Thank you for the comment. If the number of thyroid cancer cases were sufficient for the subclassification into histologic subtypes, the deep learning prediction can be conducted on each subtype and analyze performance according to the subgroup. In future works, we absolutely do consider the subgroup analysis after we collect a large number of cases. We have added it to the manuscript (line 346-349).
- Line 93-98: Since there exists the intratumoral heterogeneity in thyroid cancer, the expression status and abundance of TERT promoter mutation could be different in distinct tumor area, I suggest that the author could validate the target gene expression through IHC staining.
Unfortunately, we do not have TERT promoter IHC in our pathology lab. However, targeted next-generation sequencing was performed in 5 out of 13 TERT promoter mutant thyroid cancer cases in out cohort.

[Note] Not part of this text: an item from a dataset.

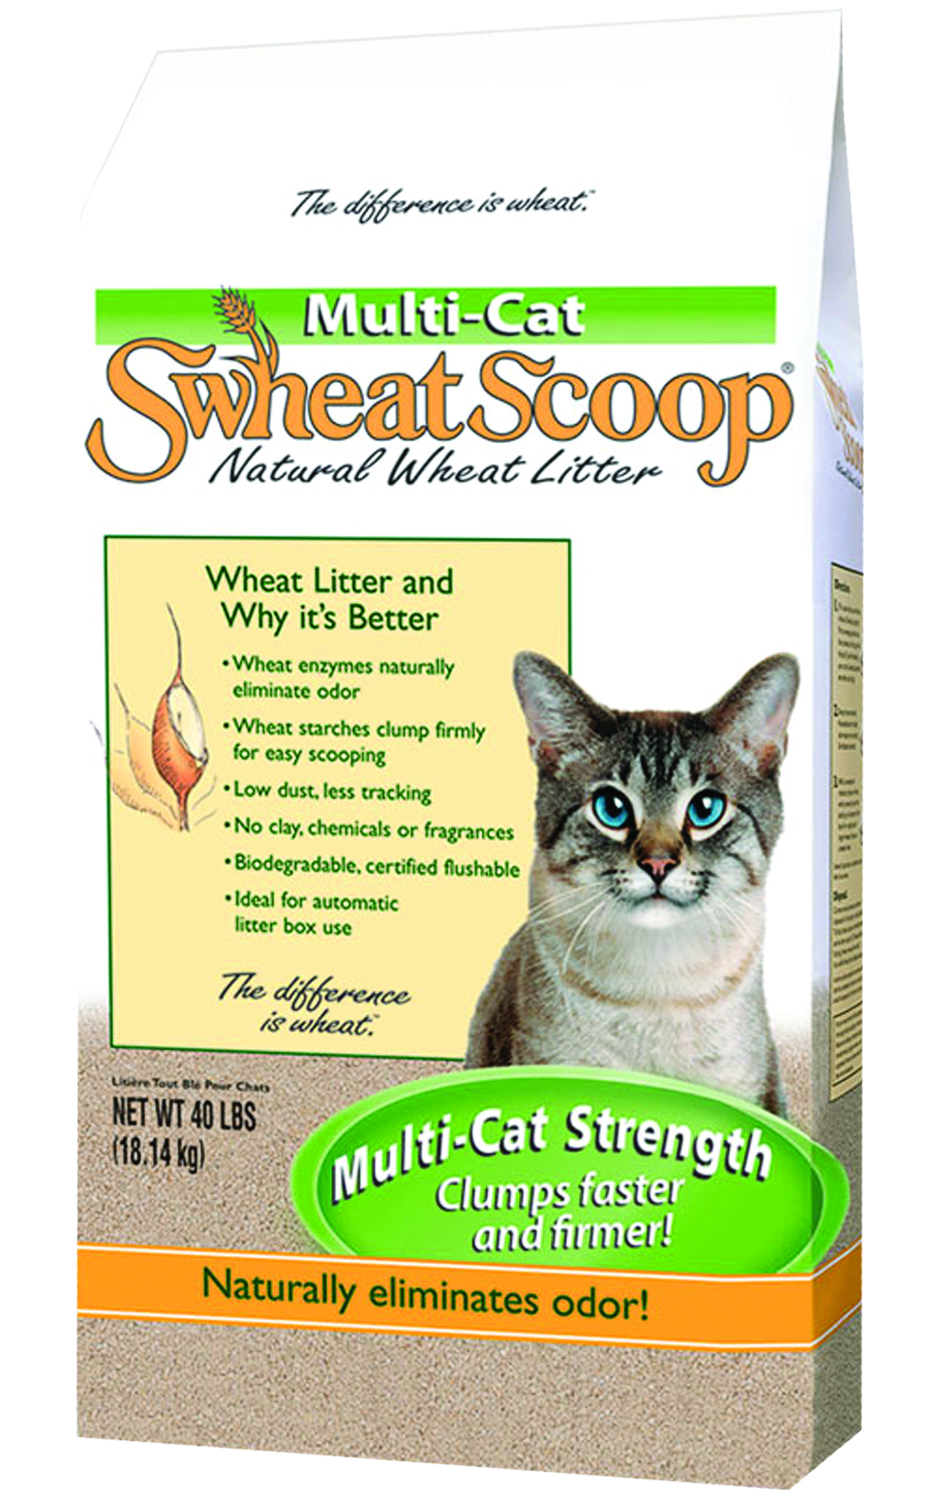 SWHEAT SCOOP MULTI CAT LITTER

In NGS analysis, TERT promoter mutations in four of the five cases who underwent targeted next-generation sequencing were found to be clonal events after considering tumor cellularity and variant allele frequency of the TERT promoter mutation (data not included), with only one case having a TERT promoter mutation determined to be a subclonal event.
We have added it to the manuscript (line 350-355).

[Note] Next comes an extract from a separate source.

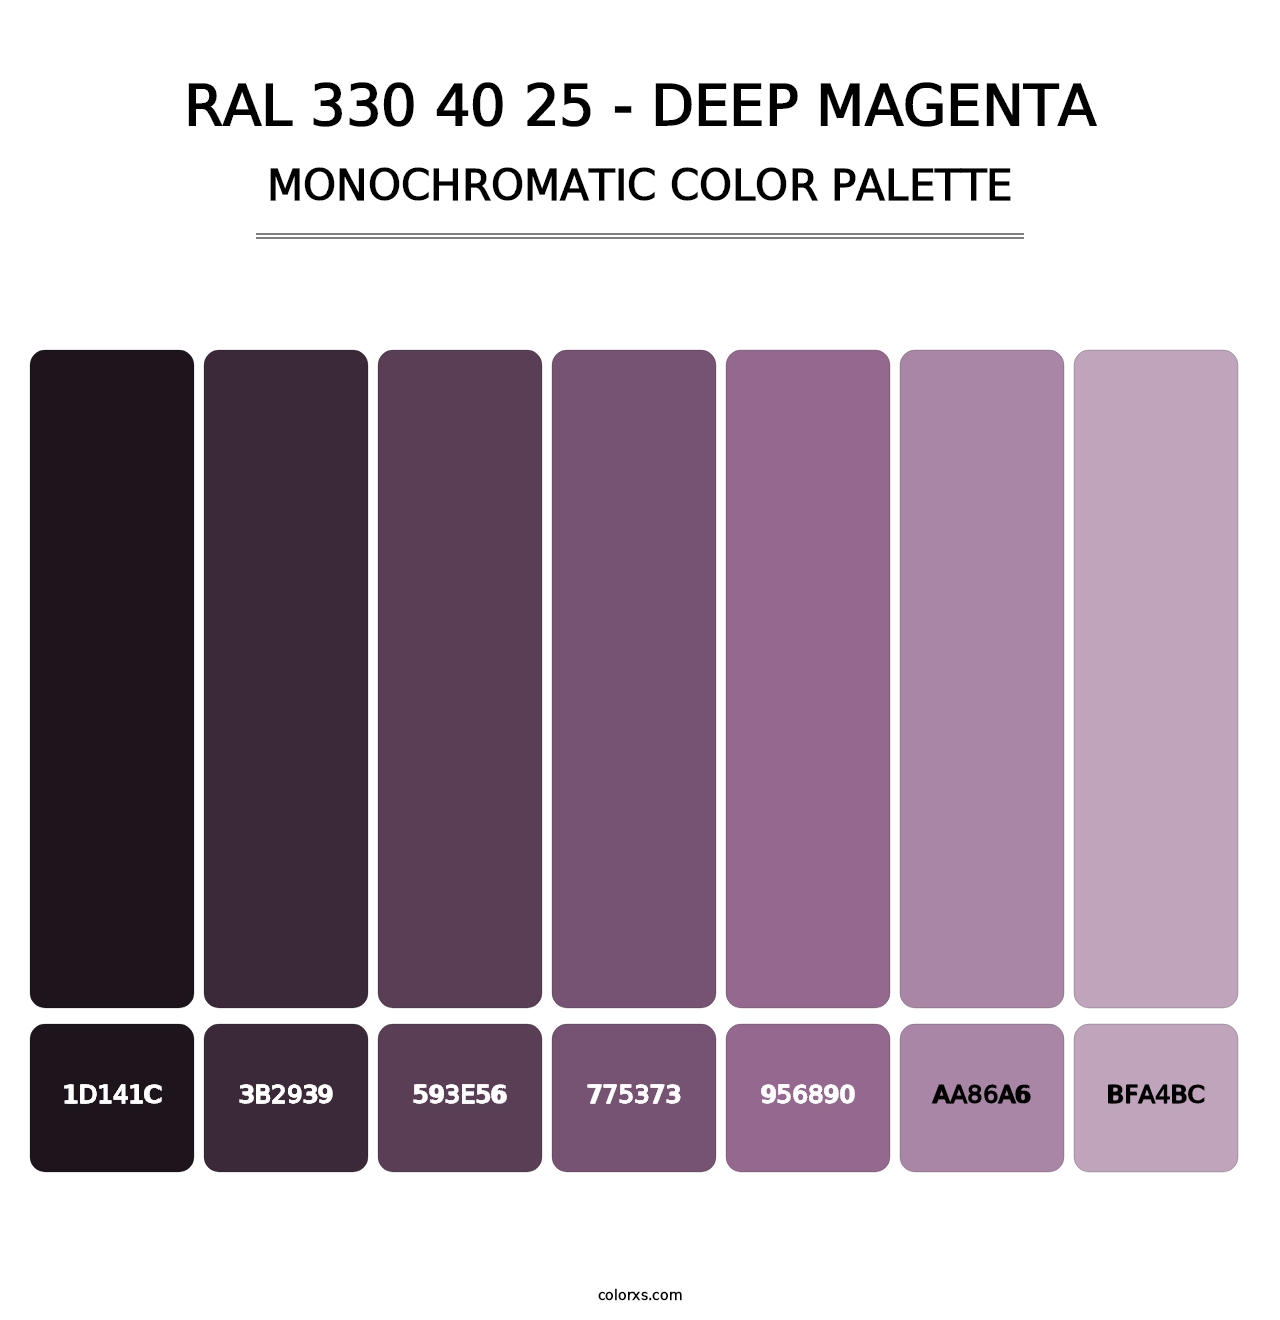 RAL 330 40 25 - Deep Magenta - Monochromatic Color Palette

Author Response File: Author Response.docx
Round 2
Reviewer 1 Report
In the revised manuscript, the authors have not addressed the questions. The case number is still too low to train a deep learning system. The other mutated genes also contribute to the morphology, which disturb the deep learning system big time. For these reasons, it is not possible for this kind of deep learning to be applicable in clinic to replace the PCR, plus PCR is not expensive at all. I still don't see the clinical significance of this work.
Reviewer 3 Report
This manuscript has been more or less amended. I think this research is slightly applealing. However, the scientific value still remains to be improved.